§ **Source material**:
"""

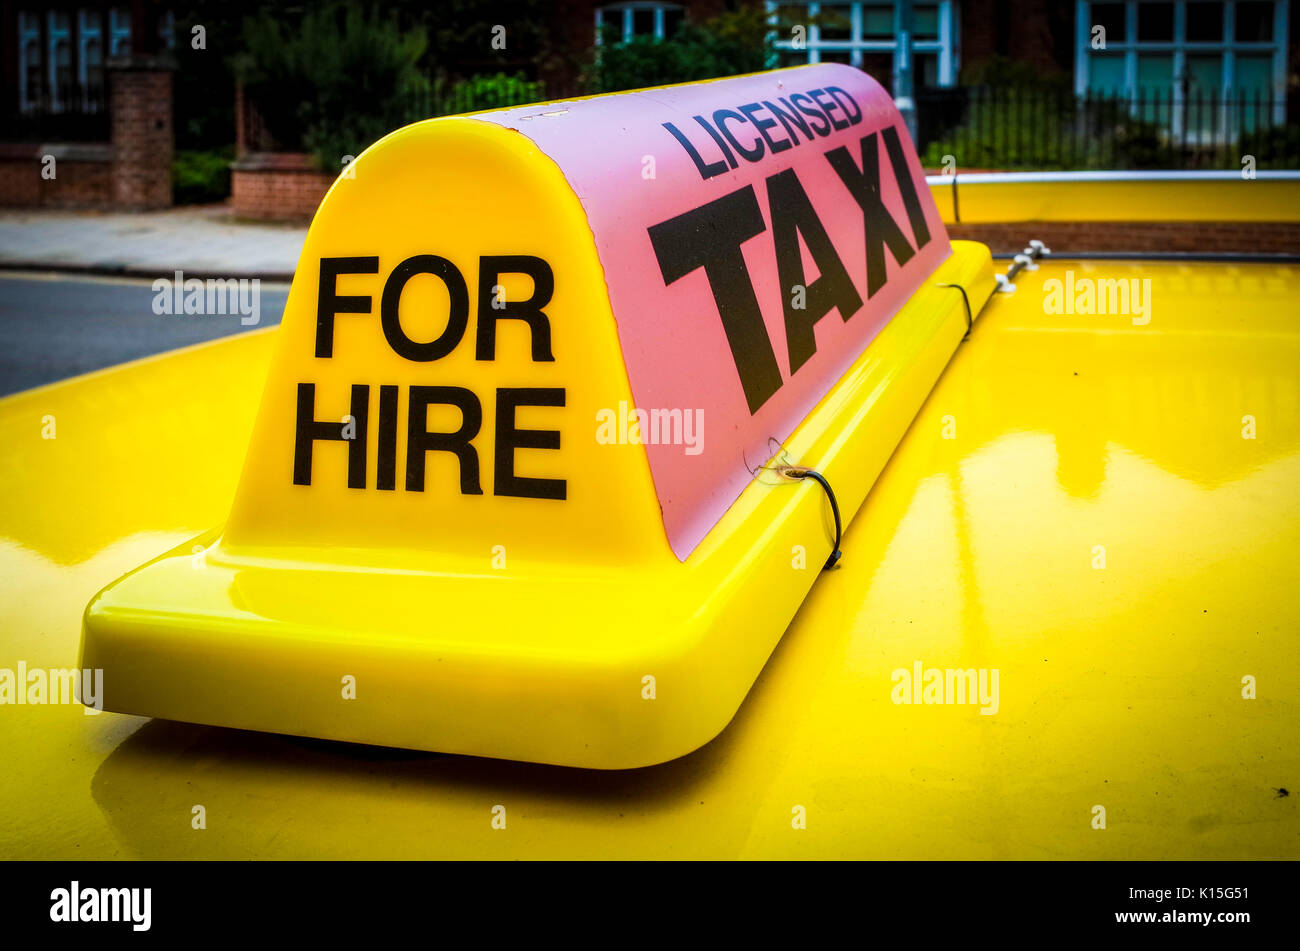 For Hire Taxi Sign on a Cambridge City licensed Taxi Cab Stock Photo
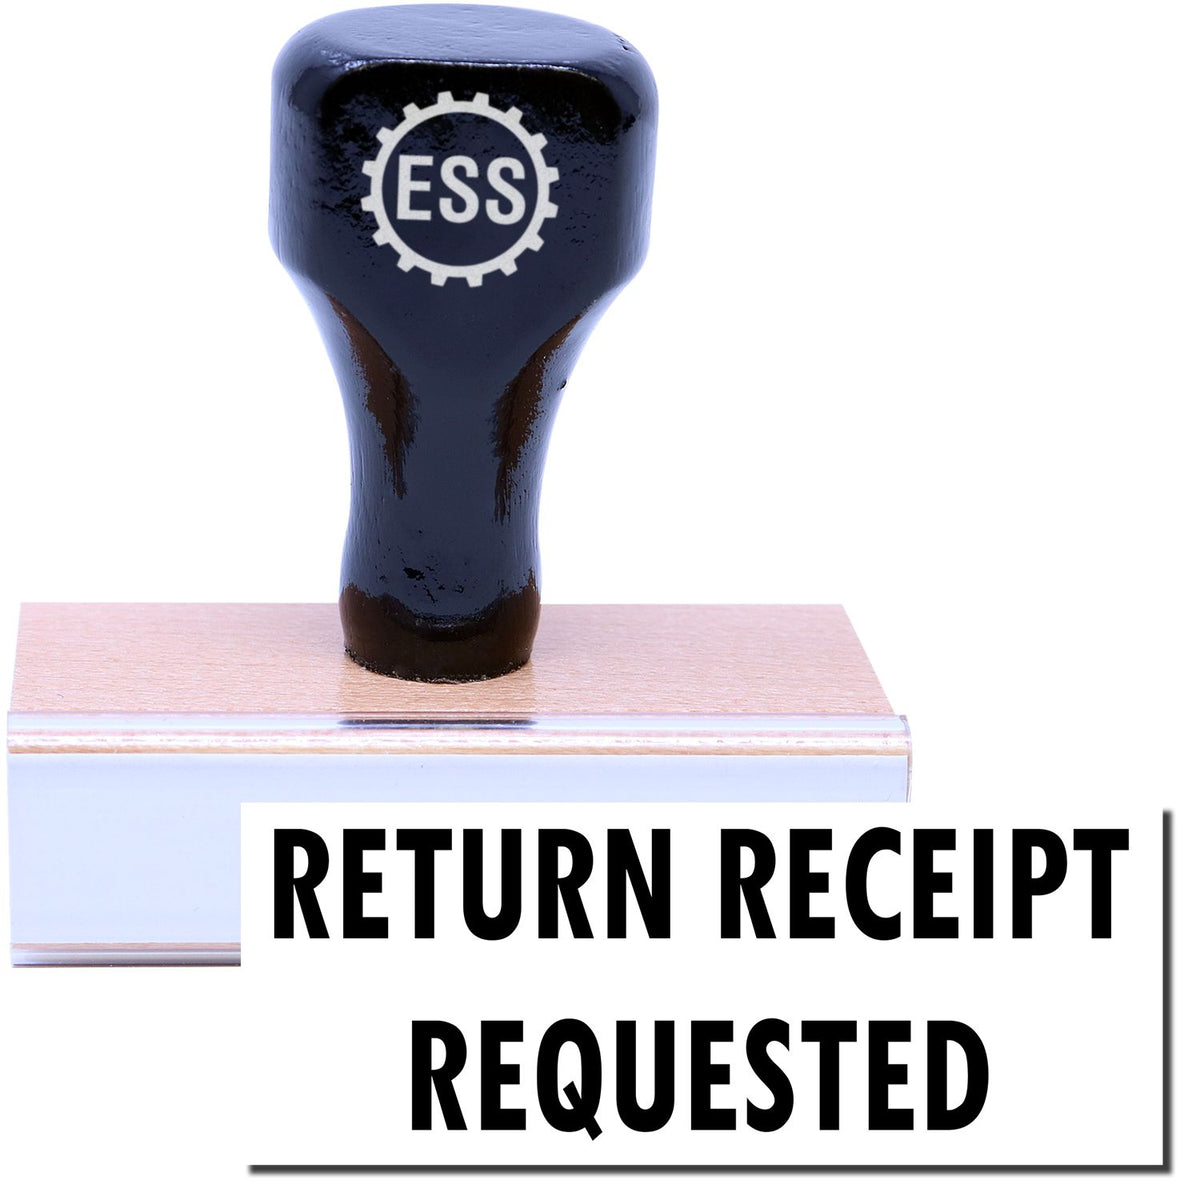 A stock office rubber stamp with a stamped image showing how the text &quot;RETURN RECEIPT REQUESTED&quot; in a large font is displayed after stamping.
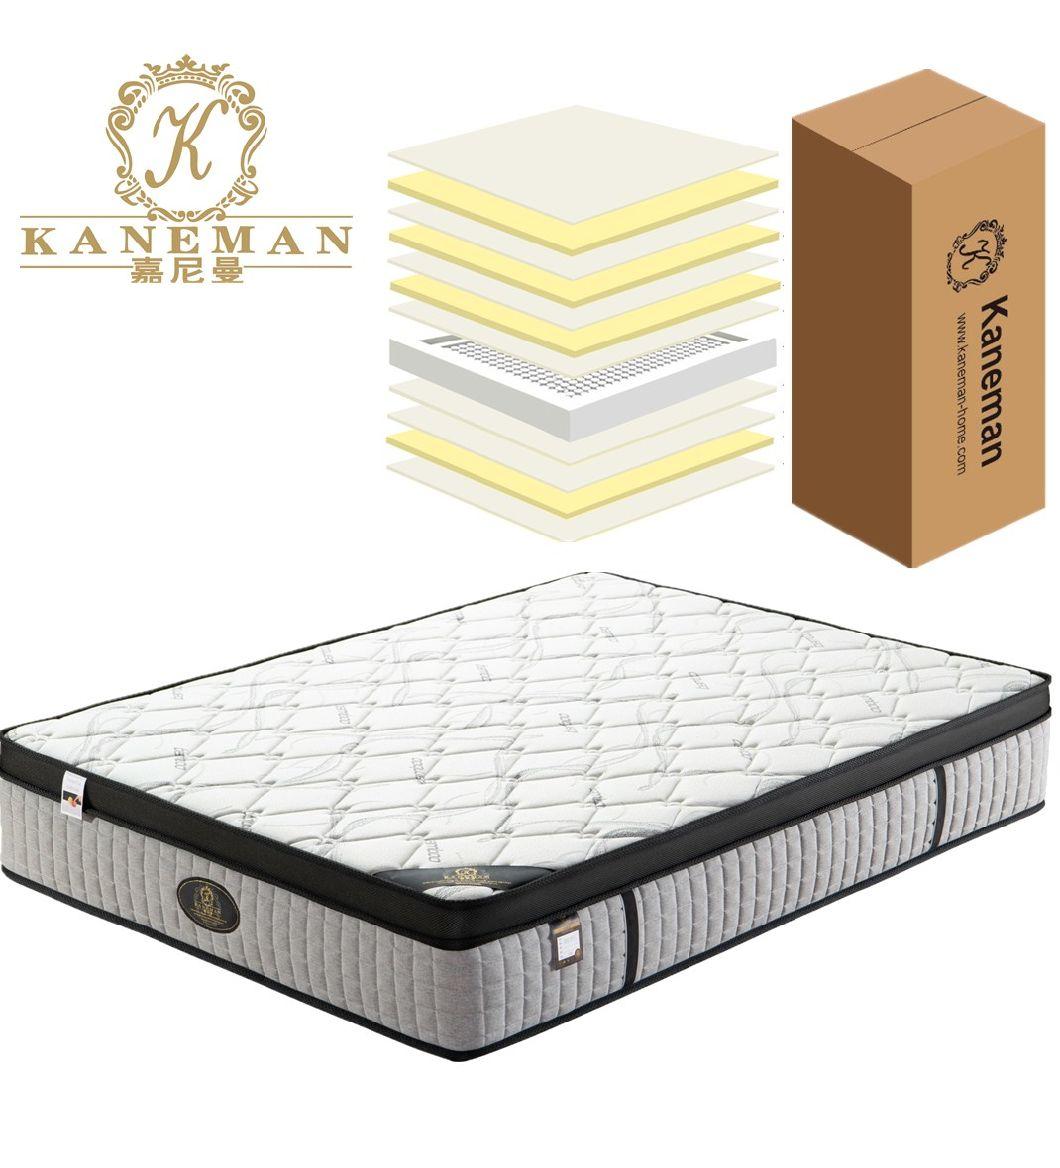 Rolled up Bamboo Fabric Pocket Spring Mattress Bed Mattress in a Box

"""

§ **What you are asked to do**:
Restate the data word for word without pictures.

§ **Answer to this problem**:
 For Hire Taxi Sign on a Cambridge City licensed Taxi Cab Stock Photo
 A stock office rubber stamp with a stamped image showing how the text &quot;RETURN RECEIPT REQUESTED&quot; in a large font is displayed after stamping.
 Rolled up Bamboo Fabric Pocket Spring Mattress Bed Mattress in a Box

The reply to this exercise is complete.